Surface activated bonding, which begins by firing of fast beams of argon atoms onto surfaces, has a significant advantage over conventional wafer bonding: It does not require a heating step to form high-quality electrical junctions.

Studies by researchers at UCLA have revealed that the electrical properties of a conventionally bonded GaAs/GaAs interface are strongly influenced by pre-bonding surface treatments and post-bonding annealing.

"They claimed that annealing in the range of 400 oC to 600 oC was essential for realising excellent characteristics," explains Naoteru Shigewaka from Osaka City University.

According to him, this annealing step has its downsides: It takes time; it may drive the diffusion of impurities through interfaces; and it can create mechanical defects, due to differences in substrate thermal expansion coefficients. 

Shigewaka and his co-workers have used surface activated bonding two form a GaAs-silicon heterojunction. This has been probed by current-voltage and capacitance-voltage measurements and scrutinized by field emission scanning electron microscopy and energy dispersive X-ray spectroscopy.



The surface-activated bonding tool involves the bombardment of substrates by a beam of fast argon atoms.


Devices were formed by taking a boron-doped silicon substrate and a silicon-doped GaAs substrate (resistivities of 0.1 Ωm and 0.002 Ωm, respectively, and carrier concentrations and 2.4 x 1017cm-3 and 1.1 x 1018cm-3, respectively) and cleaning them with acetone and ethanol in an ultrasonic bath for 5 minutes. After drying under nitrogen, substrates were loaded into a surface-activated bonding tool and their surfaces were activated by an argon fast atom beam.

After this step, pressing the substrates together for 60 s united them, and then Al/Ni/Au and AuGe/Ni/Ti/Au stacks were evaporated on the silicon and GaAs substrates, respectively. Rapid thermal annealing at 400 oC formed ohmic contacts.

Imaging with a field-emission scanning electron microscope showed that no structural defects, such as cracks, were present at the interface. What's more, the level of oxygen found in the interface is similar to that in the GaAs substrate, according to energy dispersive spectroscopy.

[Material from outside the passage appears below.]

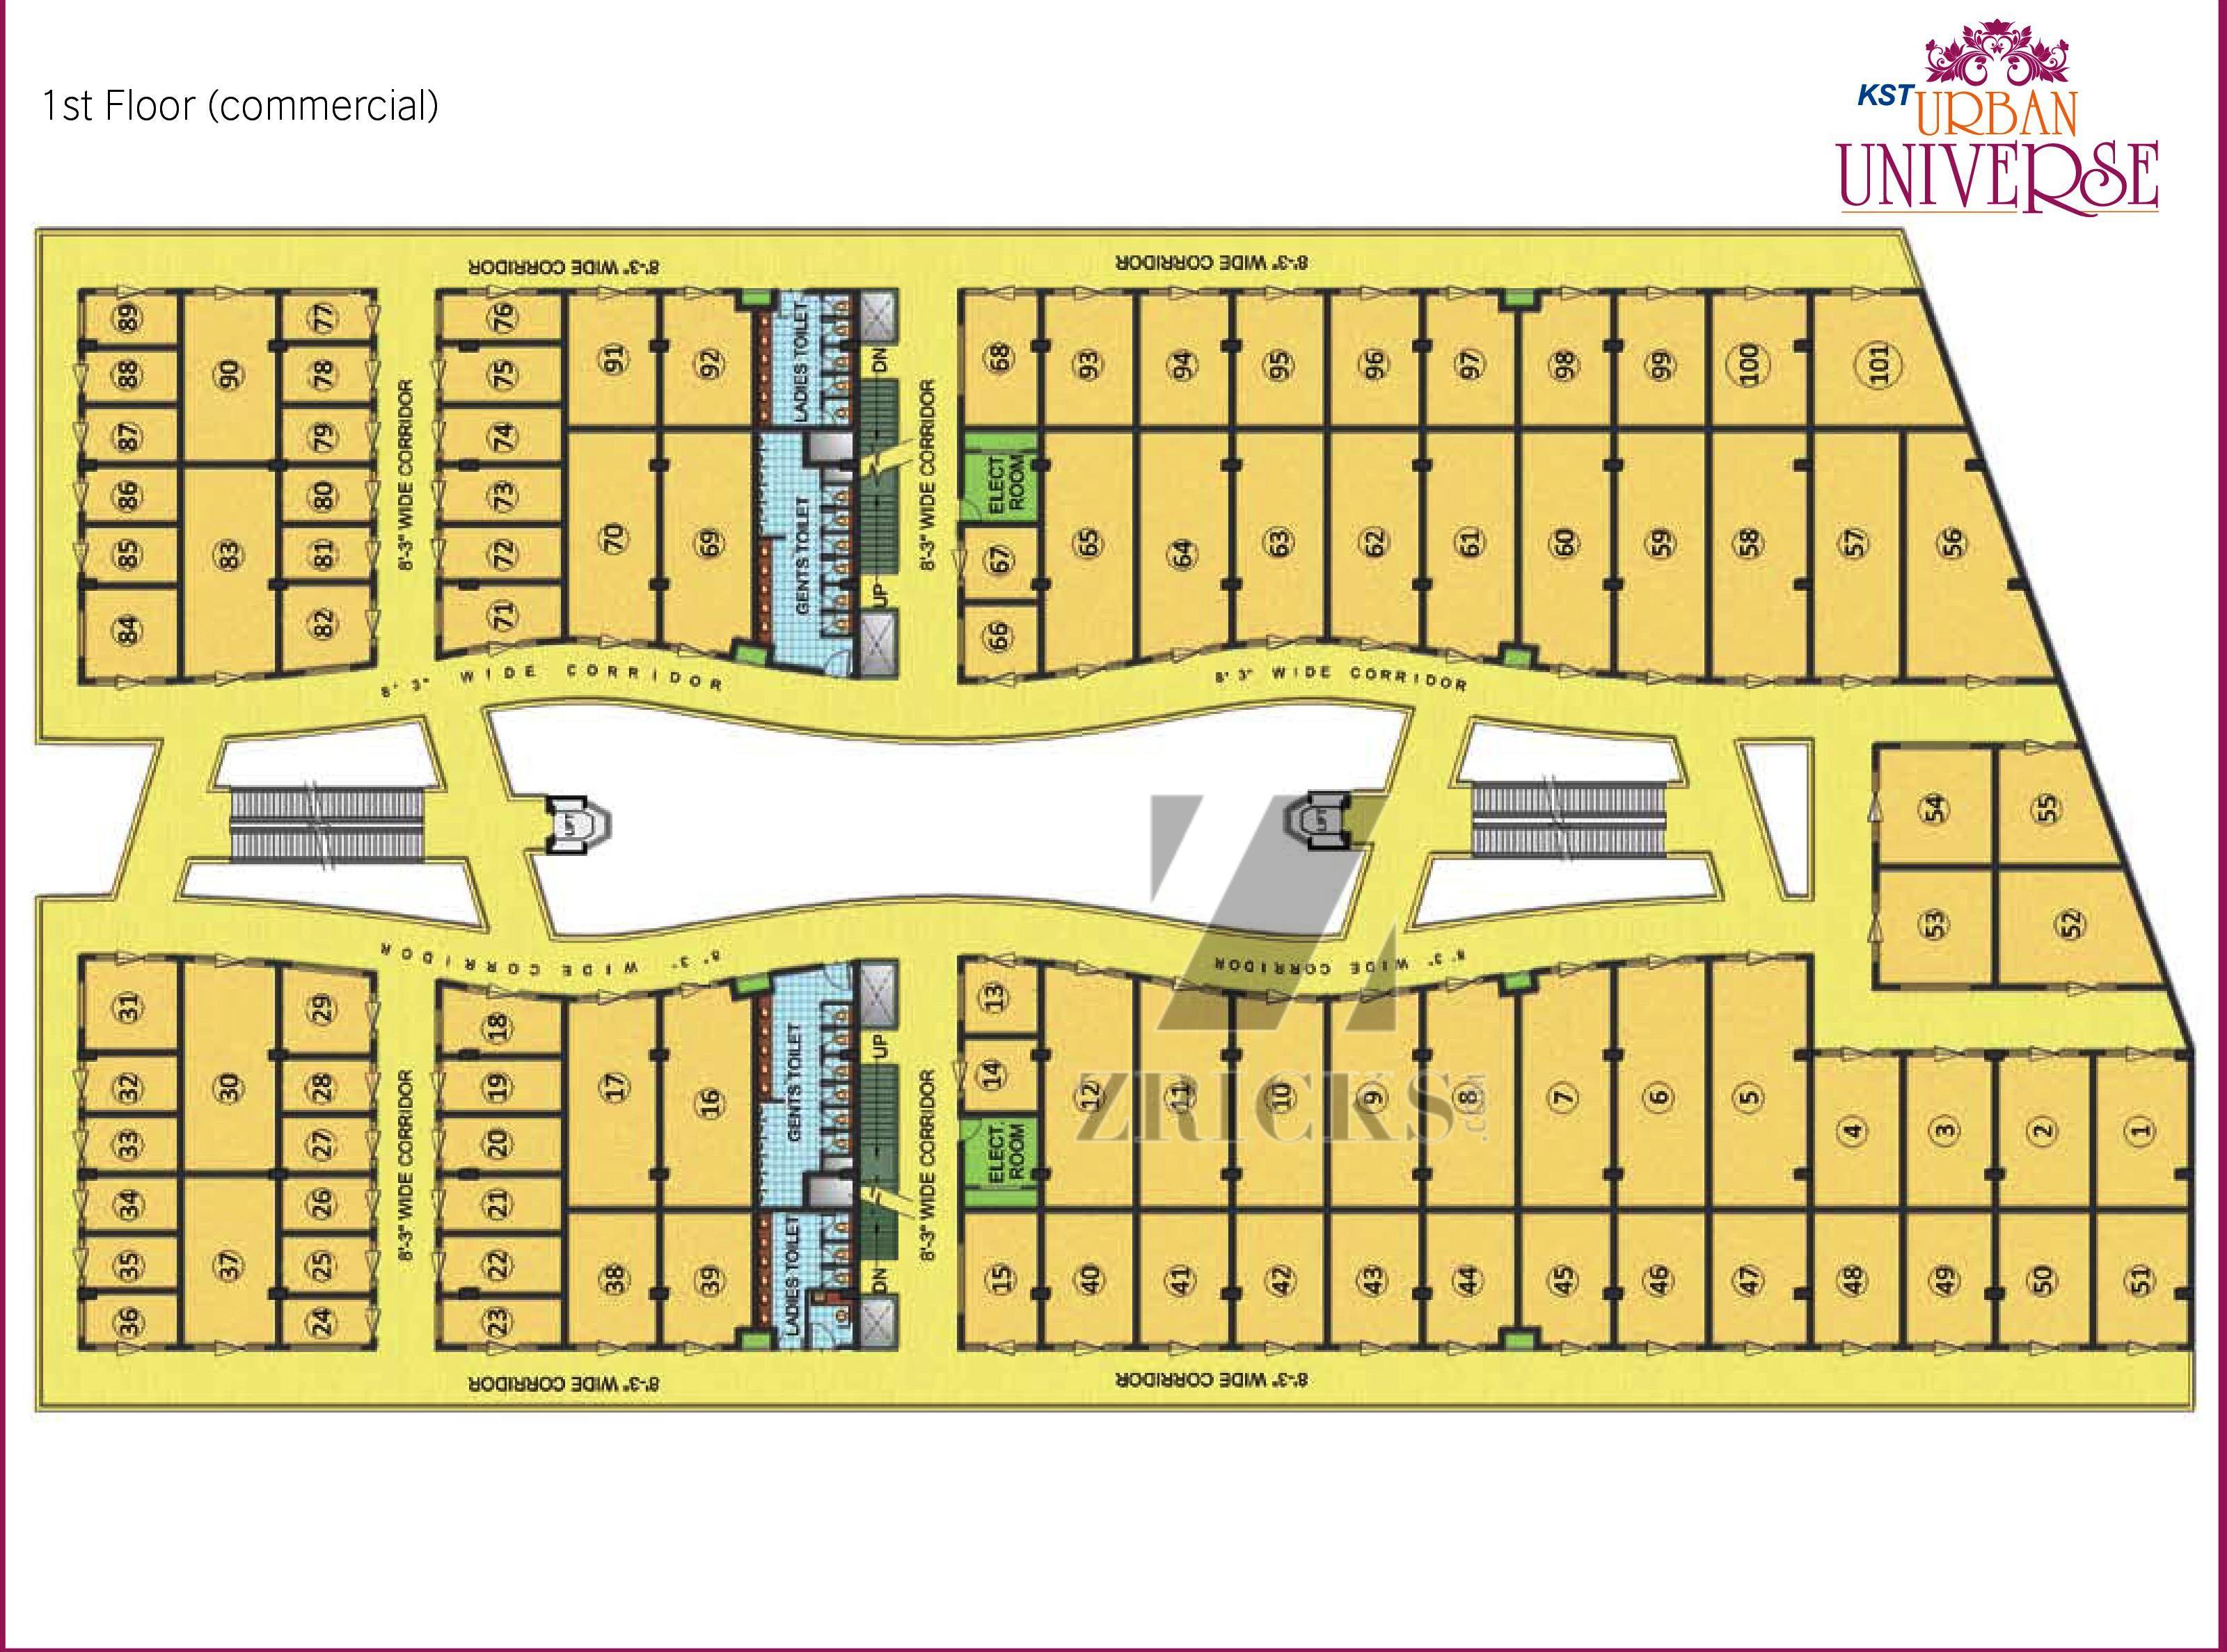 KST Urban Universe Floor Plan

Plots of current as a function of voltage showed that the device had rectifying properties similar to those in conventional p-n junctions. For this heterojunction, the onset for the forward bias voltage was 0.38 V.

Capacitance-voltage measurements enabled calculations for the depletion layers. They are estimated to be 84 nm in silicon, and 18 nm in GaAs.

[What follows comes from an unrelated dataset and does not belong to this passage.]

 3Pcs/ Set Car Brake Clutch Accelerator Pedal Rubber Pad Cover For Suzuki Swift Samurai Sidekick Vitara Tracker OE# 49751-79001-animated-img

Two other features found in the current-voltage characteristics are an increase in current at higher values of reverse bias, and a gradient in these plots that shows very little variation with temperature. The researchers say that this behaviour can be explained with a trap-assisted tunnelling model, which incorporates a trap energy of 0.1 eV.

Thanks to the lack of any signs of oxygen at the interface, the team is arguing that its surface-activated bonding promises to enable the fabrication of high-quality, novel devices. They are now processing tandem cell structures formed by surface-activated bonding.